Background Diabetes Mellitus is a chronic disease, which requires a level of confidence among the sufferers in its management. Objective This study investigated the effect of an educational intervention program on self-efficacy (SE) in diabetes individuals with type 2 diabetes mellitus in South-East, Nigeria. Method The study was a quasi-experimental controlled study, comprising 382 individuals with type 2 DM selected and assigned to Intervention (IG) and Control Groups(CG). The instrument for data collection was the Stanford Chronic Disease Self-Efficacy Scale (SCDS).

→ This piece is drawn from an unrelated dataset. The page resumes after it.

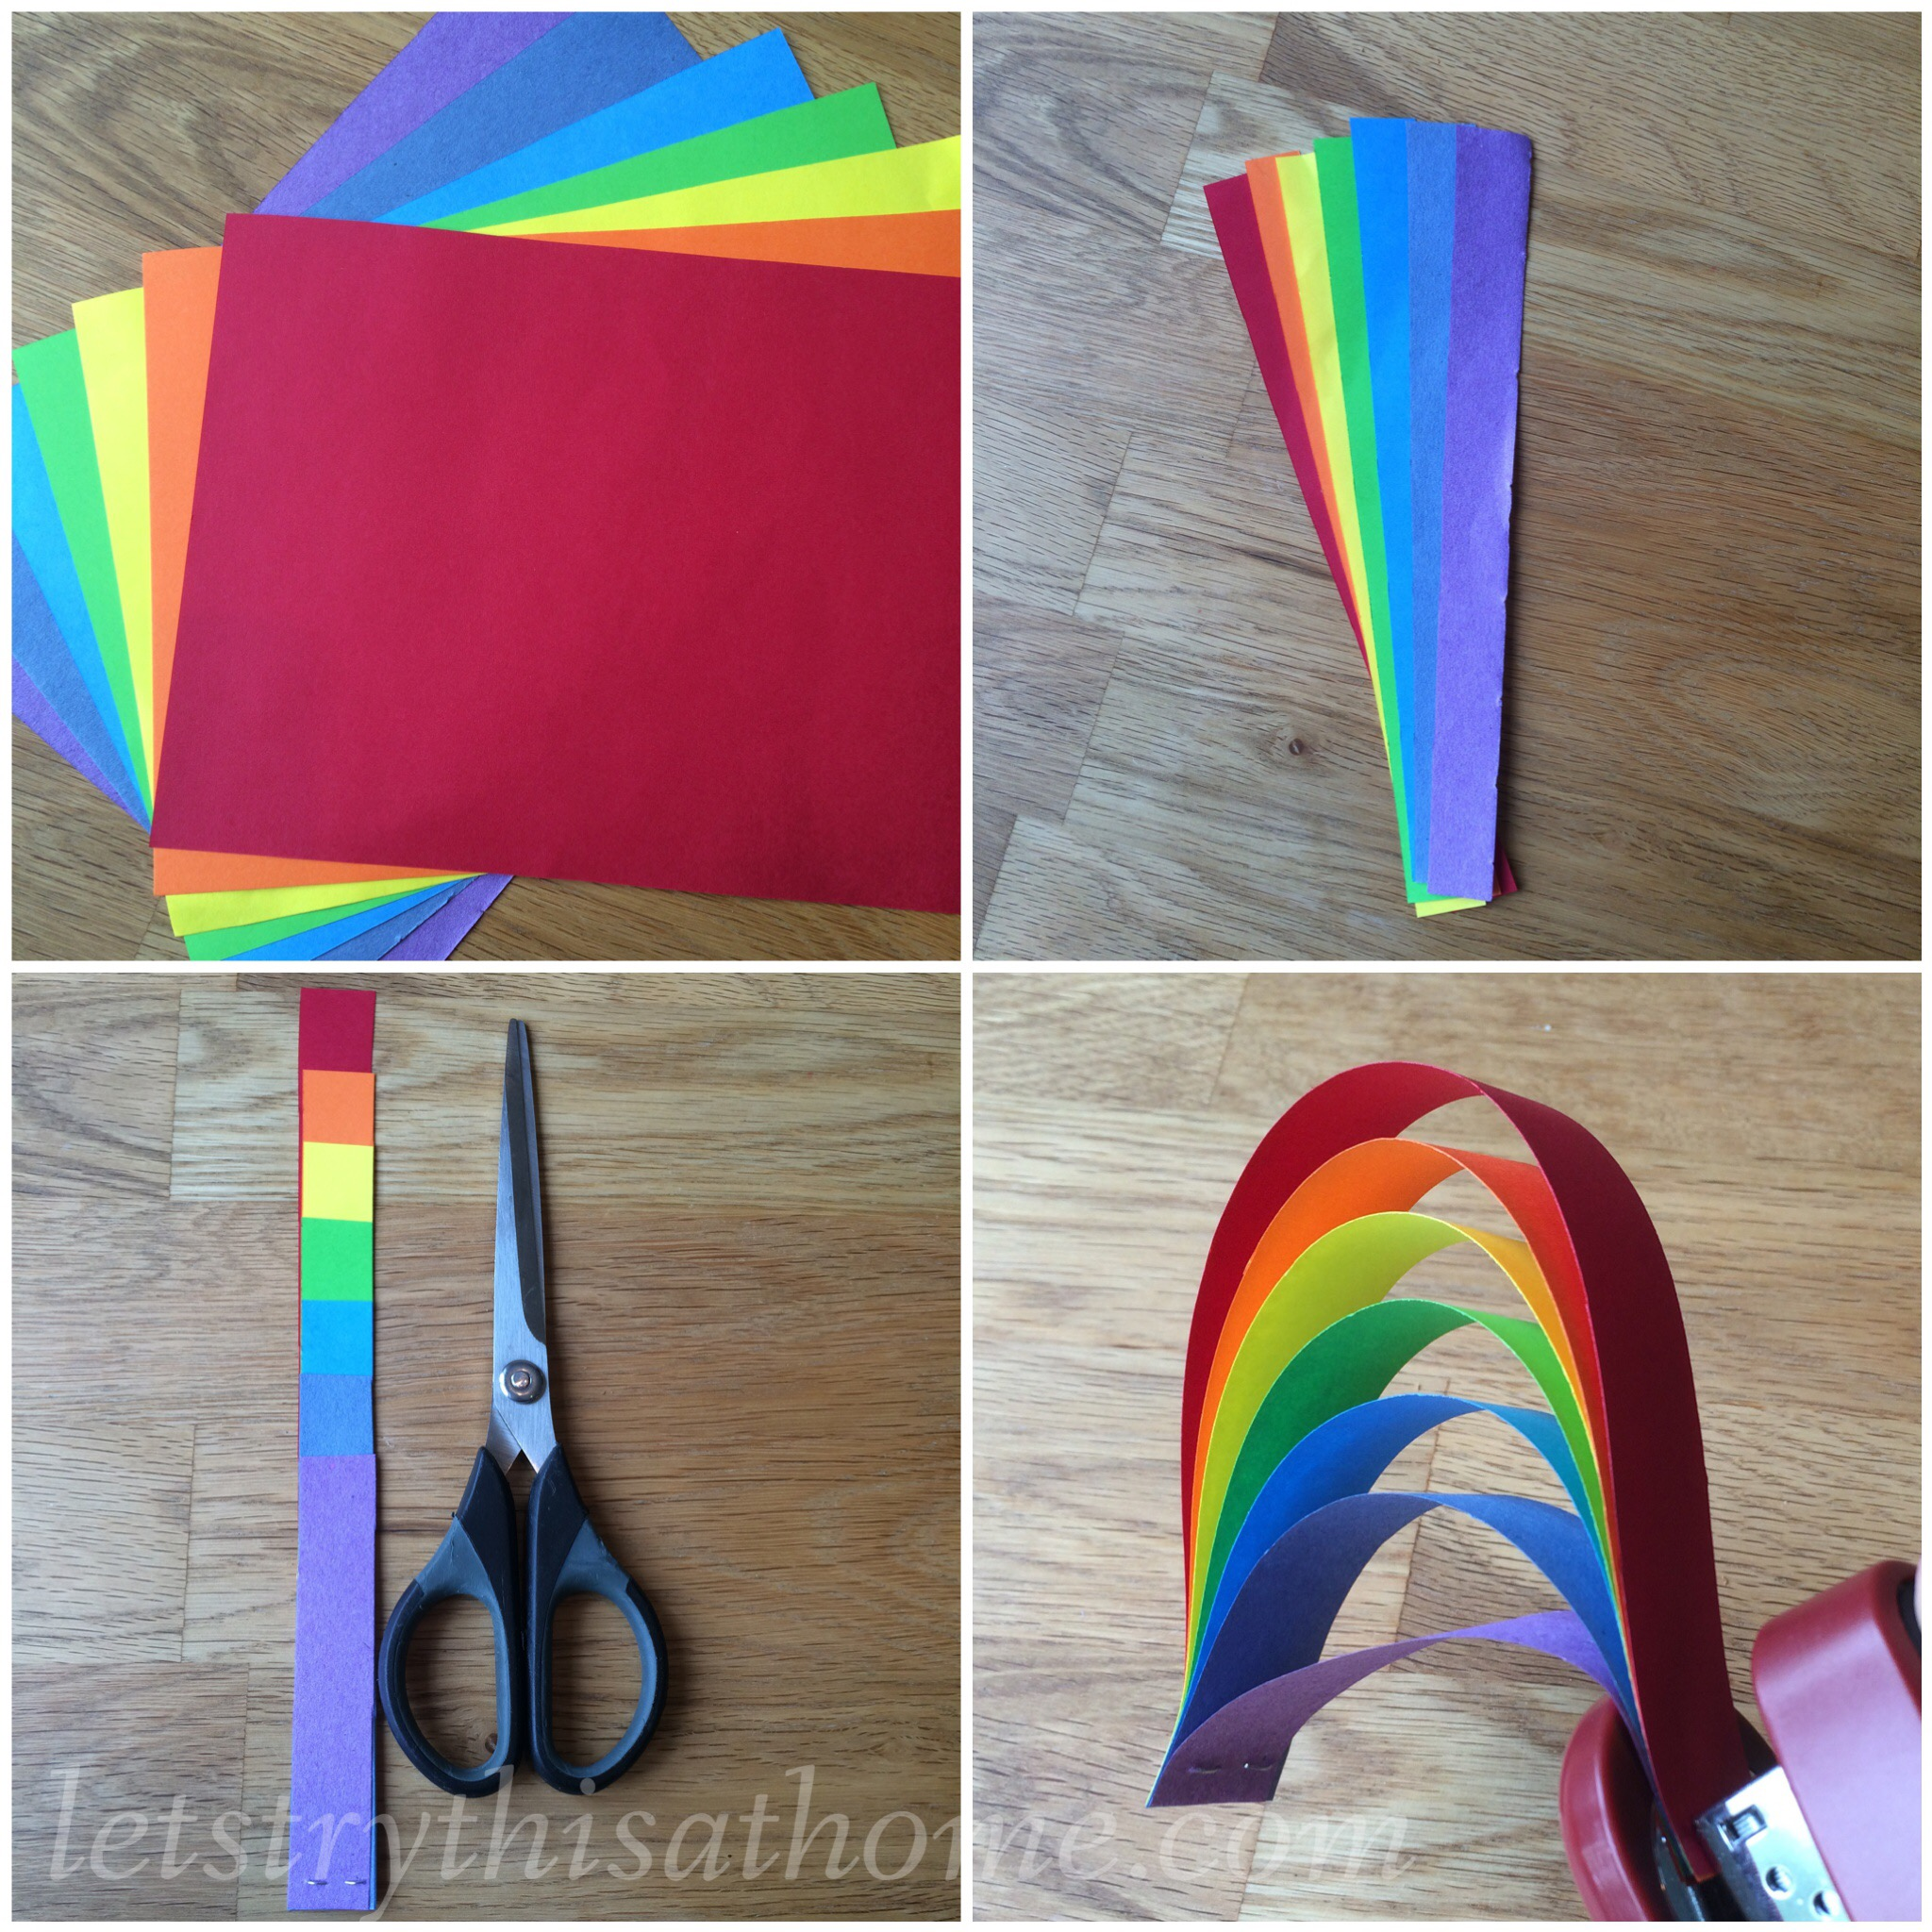 Paper Rainbow Craft Letstrythisathome

Pretest data were collected, and thereafter education on diabetes management was given to the IG group. The IG was followed up for six months. At the end of six months, post-test data were collected using the same instrument. Data were analyzed using Pearson Chi-square test statistics. A p-value less than 0.05alpha level was considered significant. Result More than 25% of all study participants had low self-efficacy in most domains of self-efficacy before intervention. Participants in IG and CG were similarly spread across all self-efficacy domains before intervention except in the social recreation domain where the IG had a significantly, good proportion of participants with low self-efficacy (χ2 = 11.743, p = 0.003). Conclusion The study outcome after 6-months of intervention shows that a significant proportion of participants in IG moved from low to either moderate or high SE in almost all the SE domains (p ˂ 0.05), thus showing the effectiveness of education on the IG.